Social Security Information Systems Near Collapse
matty619 writes "An Information Week article warns that the computer systems that run the Social Security Administration may collapse by 2012 due to increased workload, and a half-billion-dollar upgrade won't be ready until 2015. One of the biggest problems is the agency's transition to a new data center, according to a report (PDF) by the SSA's Inspector General. The IG has characterized the replacement of the SSA's National Computer Center — built in 1979 — as the SSA's 'primary IT investment' in the next few years."
Now I've RTA I do.. it's just talking about hardware..
1) Data acquisition (who has incrementally paid into the system) - this is B.S. accounting because it's all going to come from the general tax fund soon anyway, so why the charade?
They gather that data to verify eligibility and calculated benefit payout. Don't you get an annual statement listing what you earned for the past X years and if you were to become disabled you would get Y dollars per month, etc? I just got my annual statement on Friday.
They send this out annually because if the food store that I worked at in 1991 forgot to credit me with that income, its a heck of a lot easier to set the record straight in 1992 rather than waiting for me to retire or become disabled decades later and ooops I haven't paid in enough "fully qualified" years for whatever benefit.
Also if someone steals your SS number and works under it, you can trivially figure out how much money they earn, which is interesting.
"Science flies us to the moon. Religion flies us into buildings." - Victor Stenger
It's appropriate, since the entire "social security trust fund" is nothing but IOUs from a government that's deeper in debt than any other government has ever been in all of recorded history.
-jcr
But the US also has an economy that's larger than any other economy in recorded history. How large is the debt in proportion to the economy? How much of that debt is owed to the social security trust fund?
Year, Debt (in $B), Debt/GDP
2005 12638.4 62.77
2006 13398.9 63.49
2007 14077.6 63.99
2008 14441.4 69.15
2009 14258.2 83.29
2010 14623.9 94.27 (projected)
There were precisely six years in our nation's history when our debt-to-GDP ratio was over 90%: 1944-1949. Of course, we had a huge jobs program back then, which was pumping up the economy. We were able to leverage that momentum to pay down the debt to 50-year debt/GDP lows by the mid 1970s (although the absolute size of the debt kept increasing through that period).
Source: http://www.usgovernmentspending.com/federal_debt_chart.html
The net present value of total OASDI costs over the next 75 years is estimated to be about $5.3T, or about 37% of the present value of the debt. On the other hand, the net present value of Medicare part A costs over the same window is $13.4T, or 94% of the present value of the debt. As anyone who is familiar with the numbers will tell you, Medicare is a much larger and more immediate problem than Social Security.
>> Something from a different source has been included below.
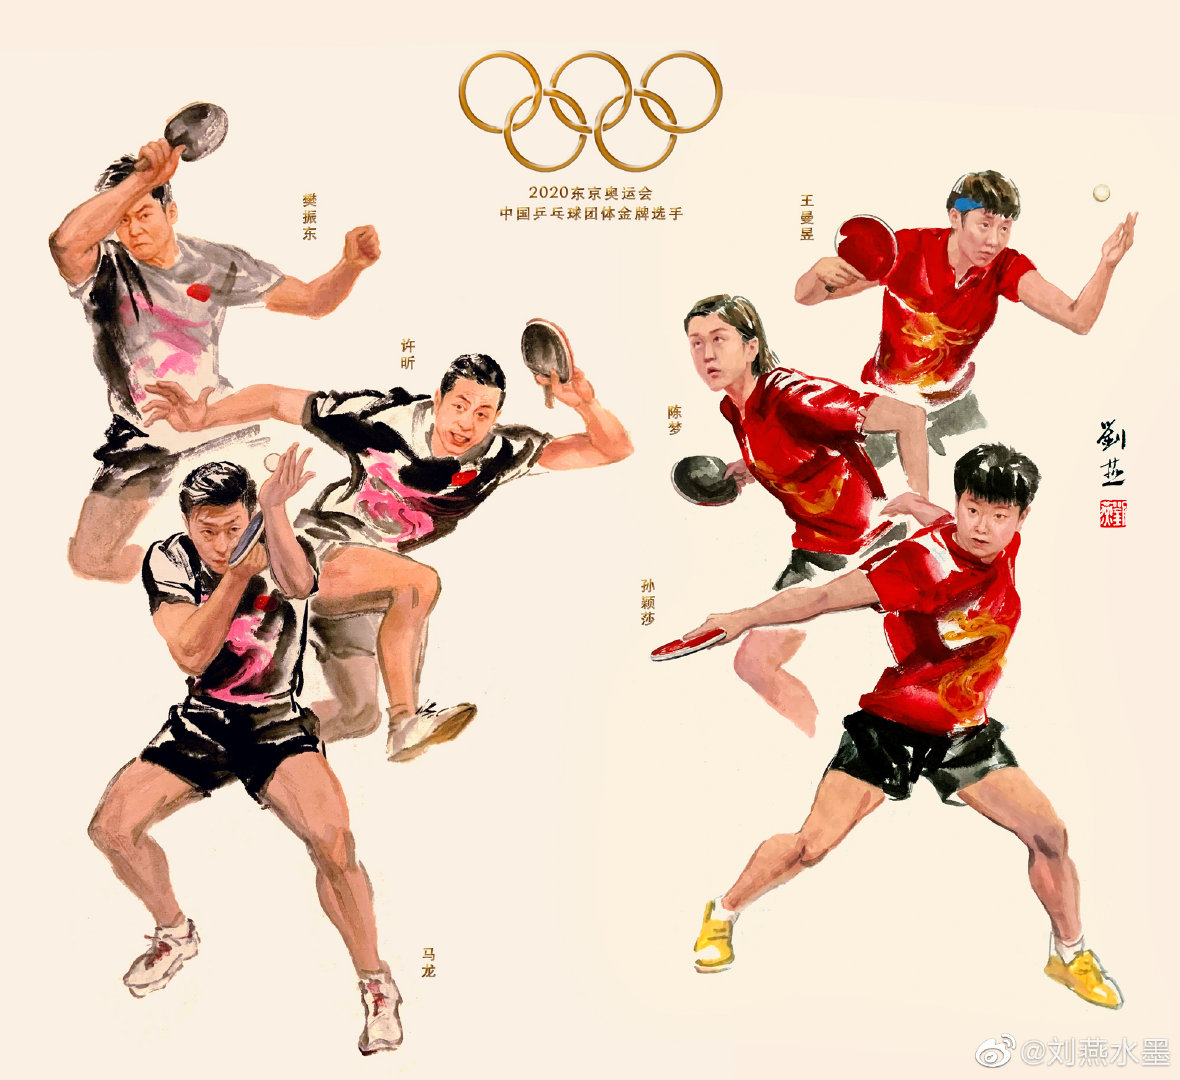 奥运人物画体育国风插画手绘系列写实组图创作时间2021/08/09素材16画

Source: http://www.cga.ct.gov/2010/rpt/2010-R-0197.htm
Next time, look up the numbers yourself, ya lazy bum.
This post expresses my opinion, not that of my employer. And yes, IAAL.
Social Security has always been a pay-as-you-go system, regardless of the public's general misconception about it as "savings" or "investment". The current version of it, adopted from the recommendations of the 1983 Greenspan commission, does have the Boomer generation overpay -- but the commission's plan, which Congress promised to follow, was that the rest of the federal government would run a balanced budget, the national debt would slowly roll over into the SS trust fund, and when the Boomers retired those bonds would be paid for by borrowing from the public again. About the time the last of the Boomers died, the SS trust fund and the US public debt would sit where they were in the mid 1980s, adjusted for population, inflation, and productivity gains. Except for the balanced budget part, things are playing out very close to the commission's forecasts.
After the Boomers, the system reverts to complete pay-as-you-go, requiring a stable 6.2% of GDP. Everyone's forecasts for outlays shows them to be stable, from the SSA itself to the most conservative think tanks. Unfortunately, the commission assumed that future gains from productivity would be shared across the entire spectrum of income; if that had happened, the debate we would be having today would be regarding a permanent small adjustment of the SS tax rates down. But the productivity gains for the last 20 years have been largely captured by those making more than the SS cap, so are not being taxed. A small change in the cap formula, phased in over a decade, would erase the problem entirely.
Productivity gains are why it's not a Ponzi scheme. If you don't include such gains, you simply get the wrong answer.